WORK REQUEST: The expected output is each line from the one containing "Foundation Software logo" to the last line of the data below, set down exactly, minus the pictures.

DATA EXCERPT:

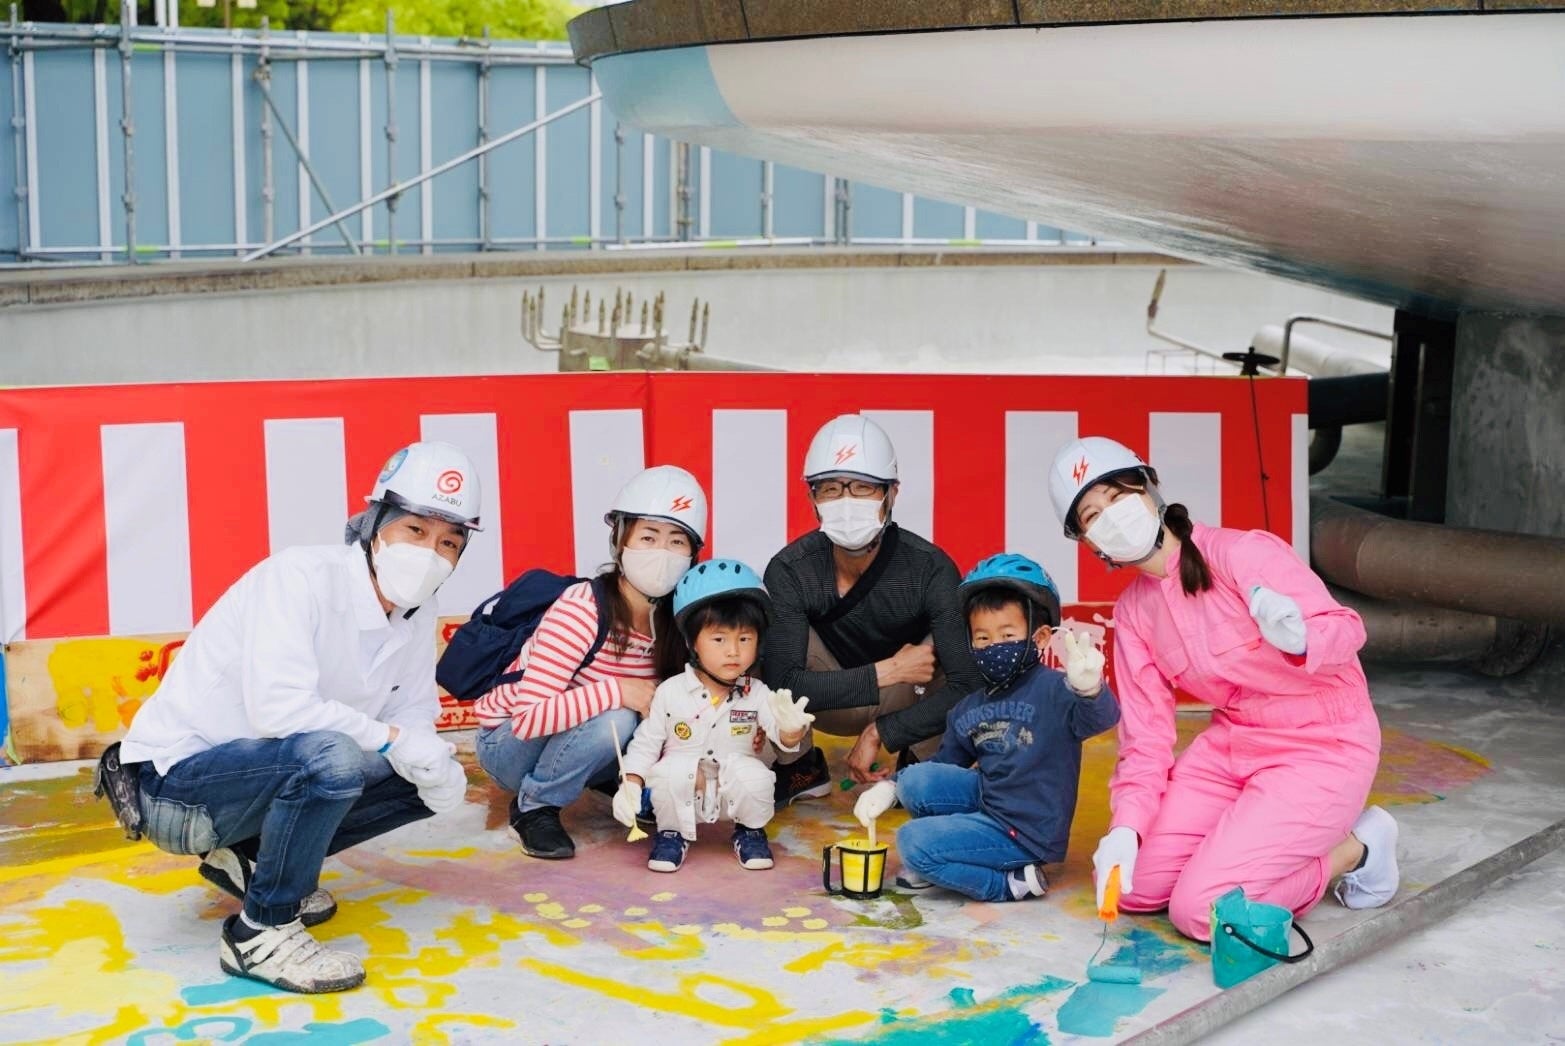 IWAKANが、トランスジェンダーの子どもと家族を映した映画『リトル・ガール』無料上映イベントを開催
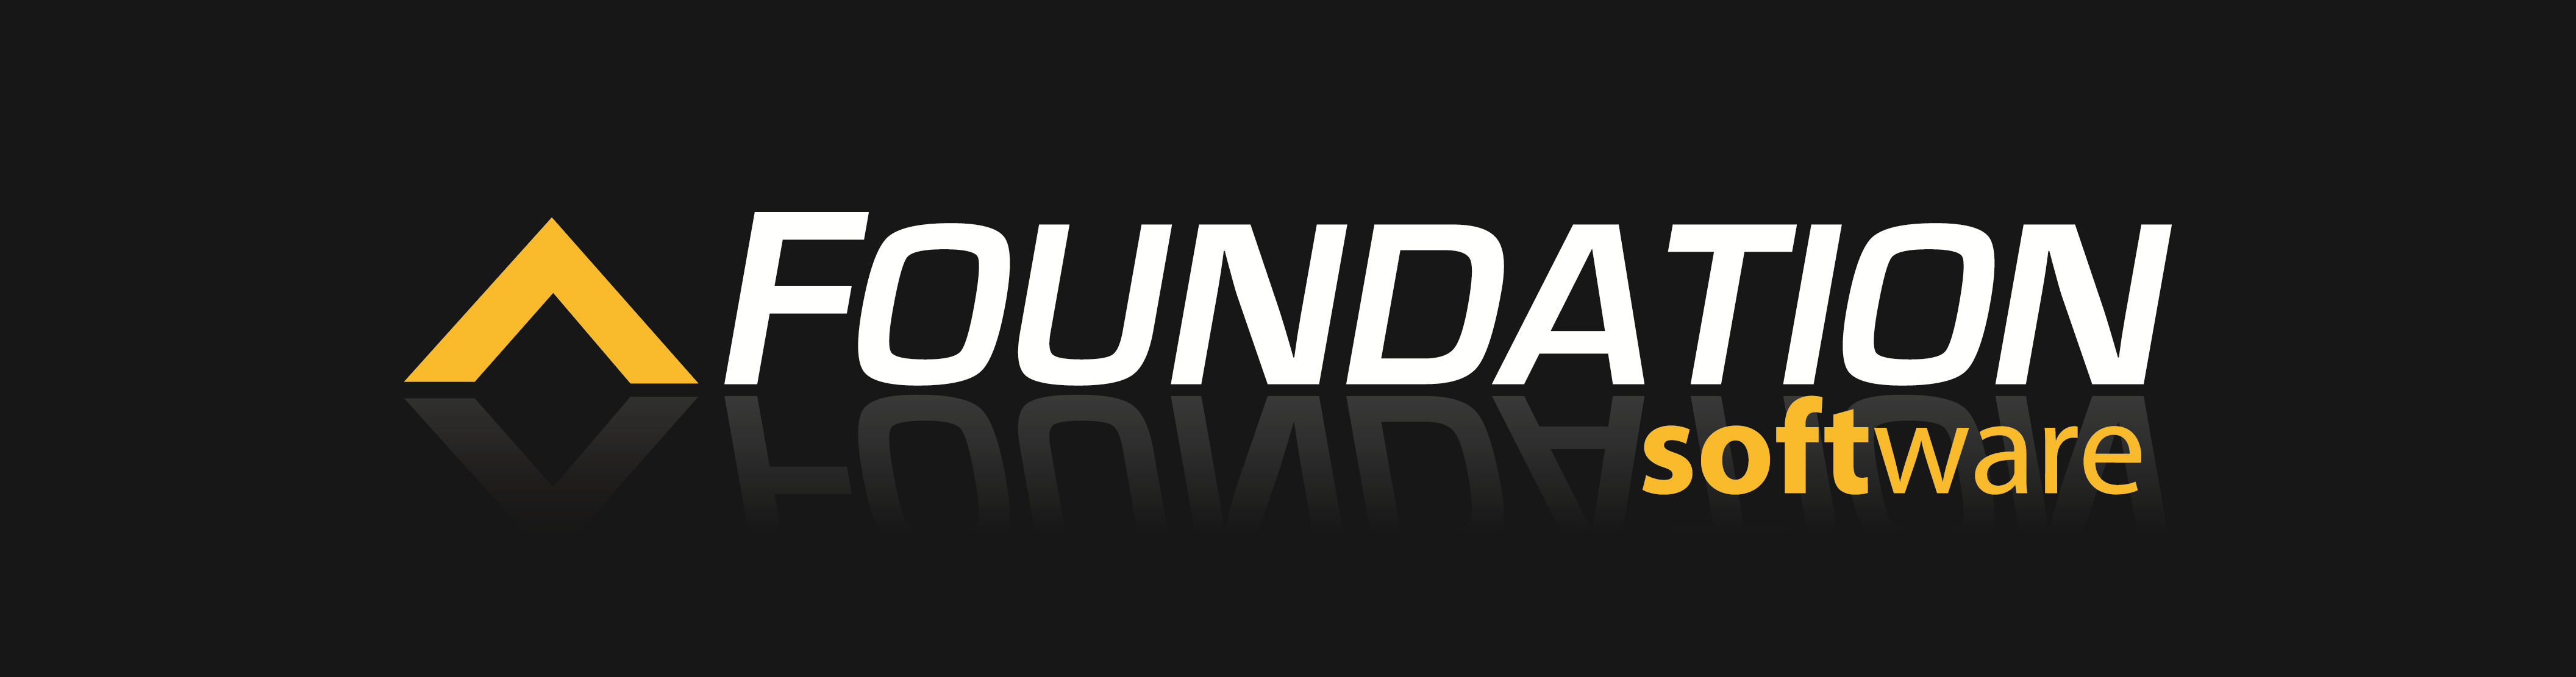 Foundation Software logo
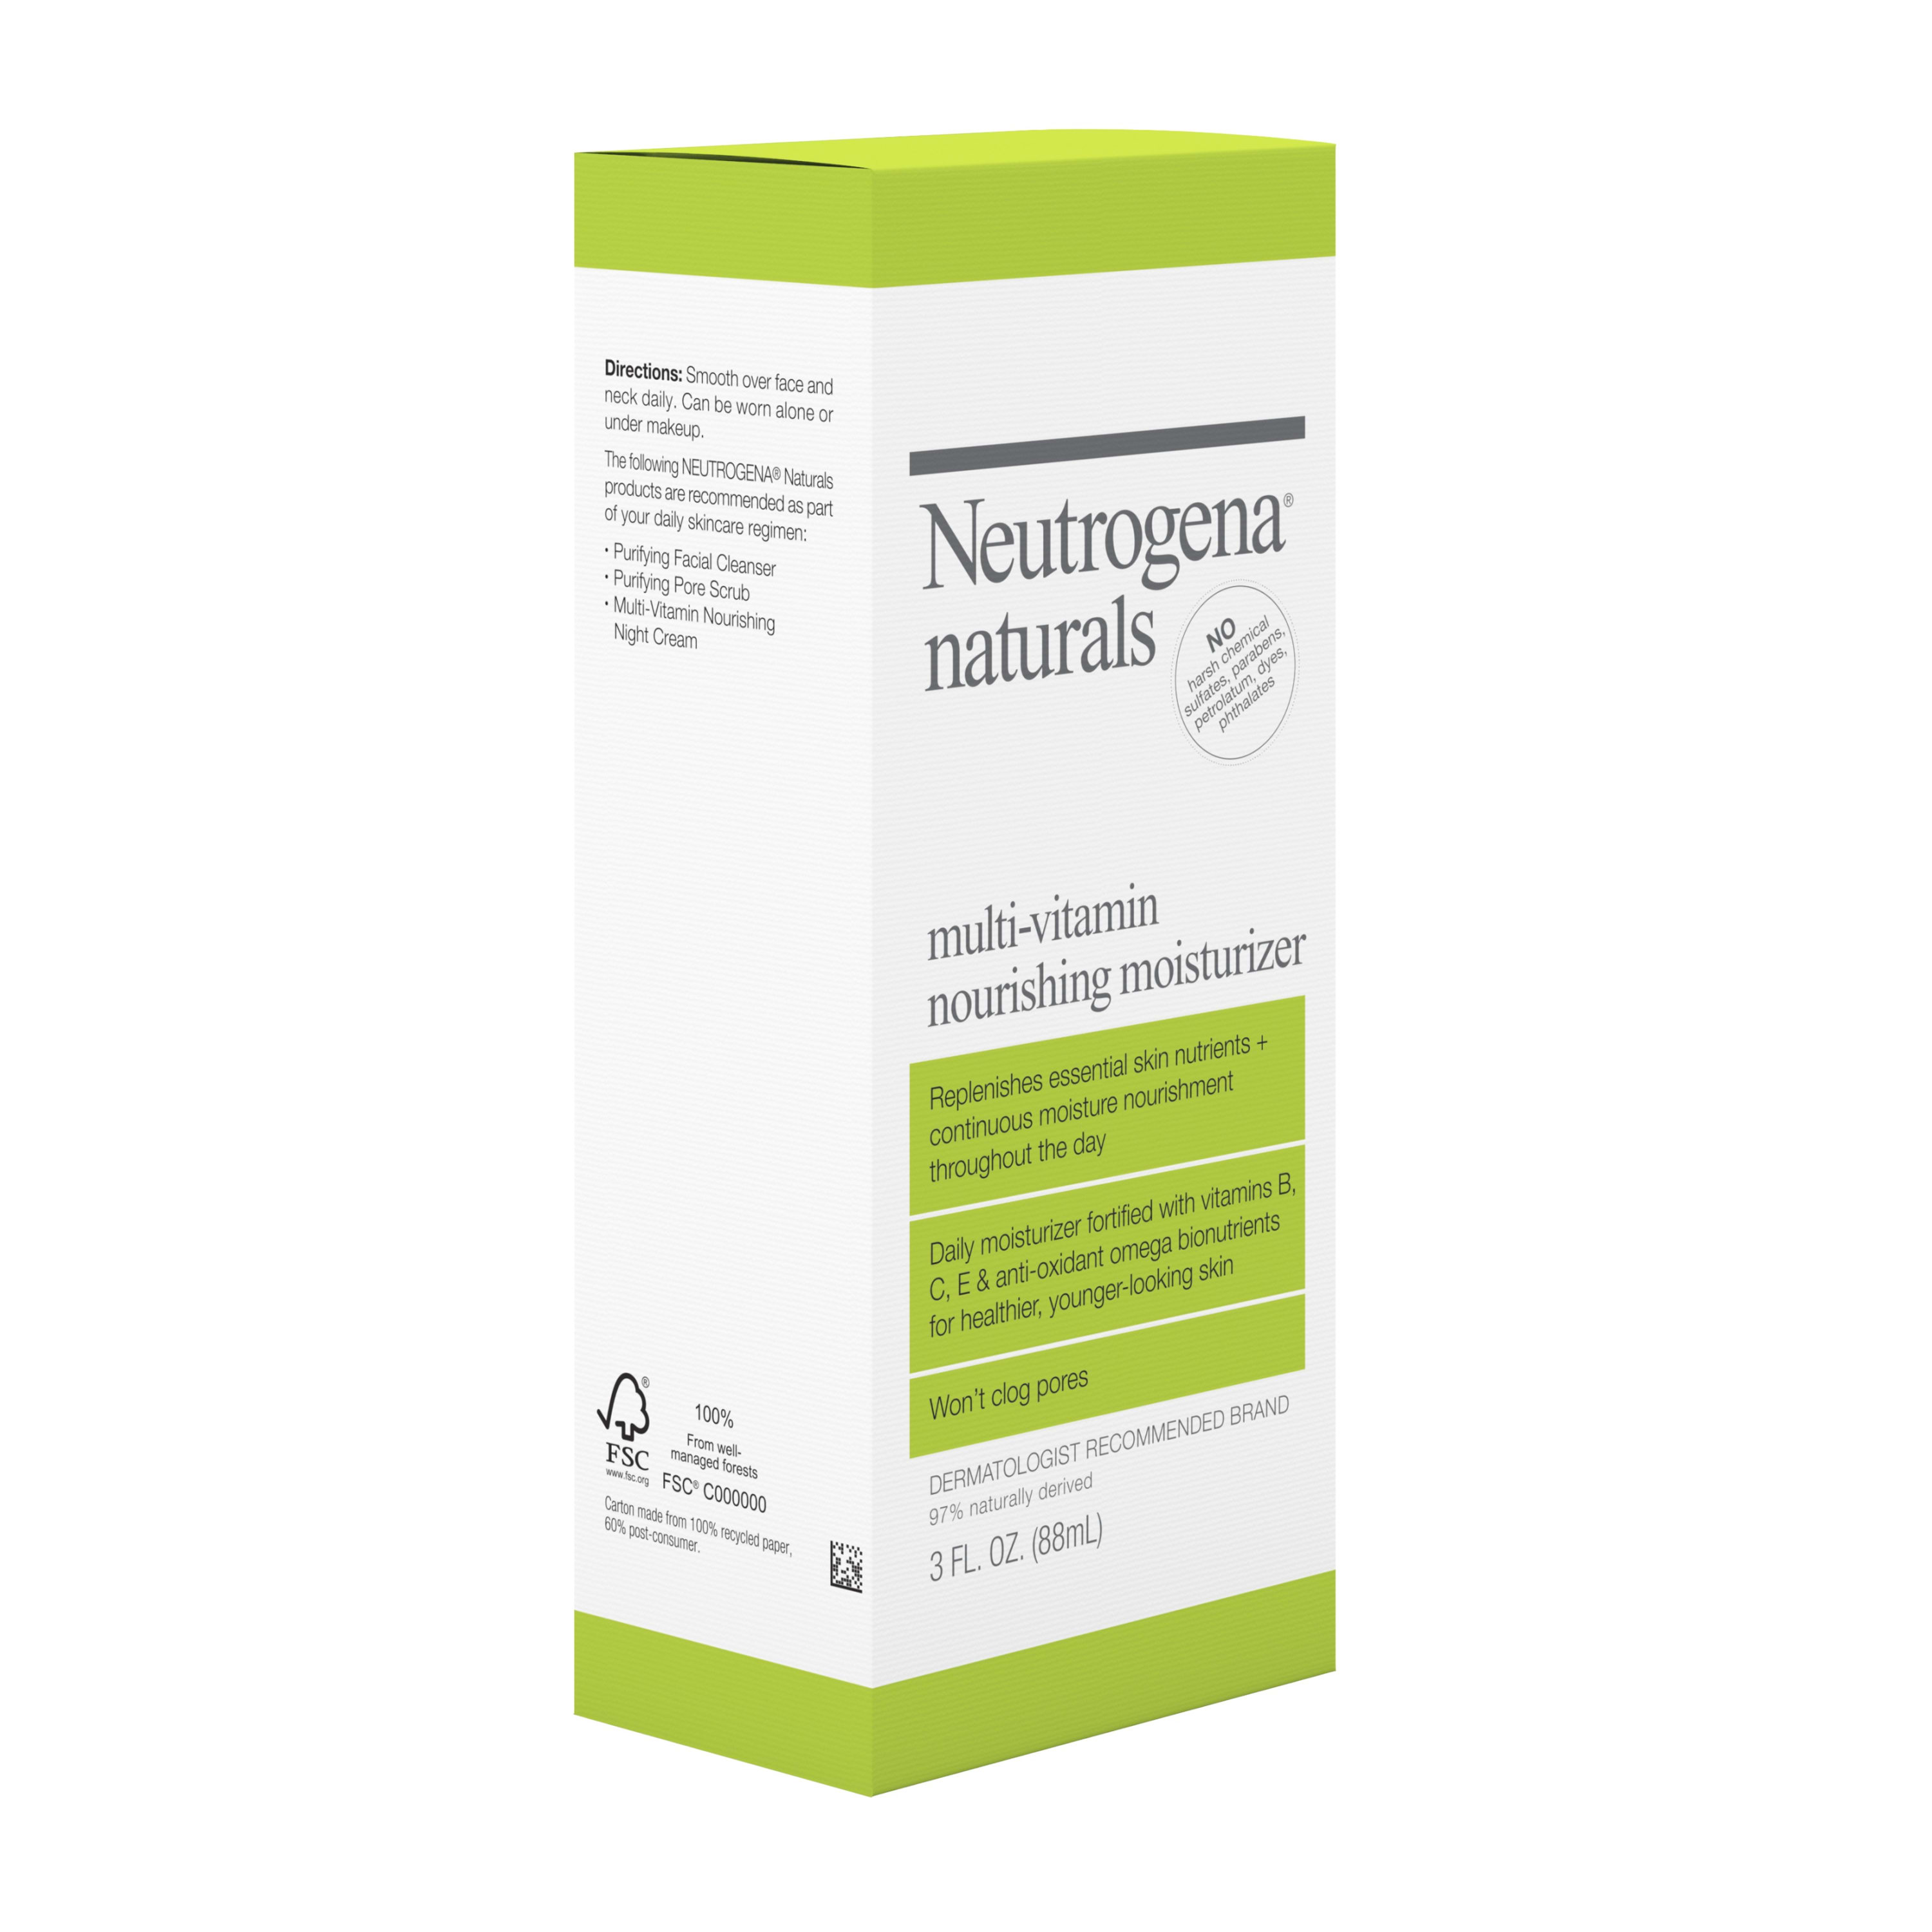 Neutrogena Naturals Multi-Vitamin Nourishing Daily Face Moisturizer, 3 fl oz - image 5 of 9

ANSWER:
 Foundation Software logo
 Neutrogena Naturals Multi-Vitamin Nourishing Daily Face Moisturizer, 3 fl oz - image 5 of 9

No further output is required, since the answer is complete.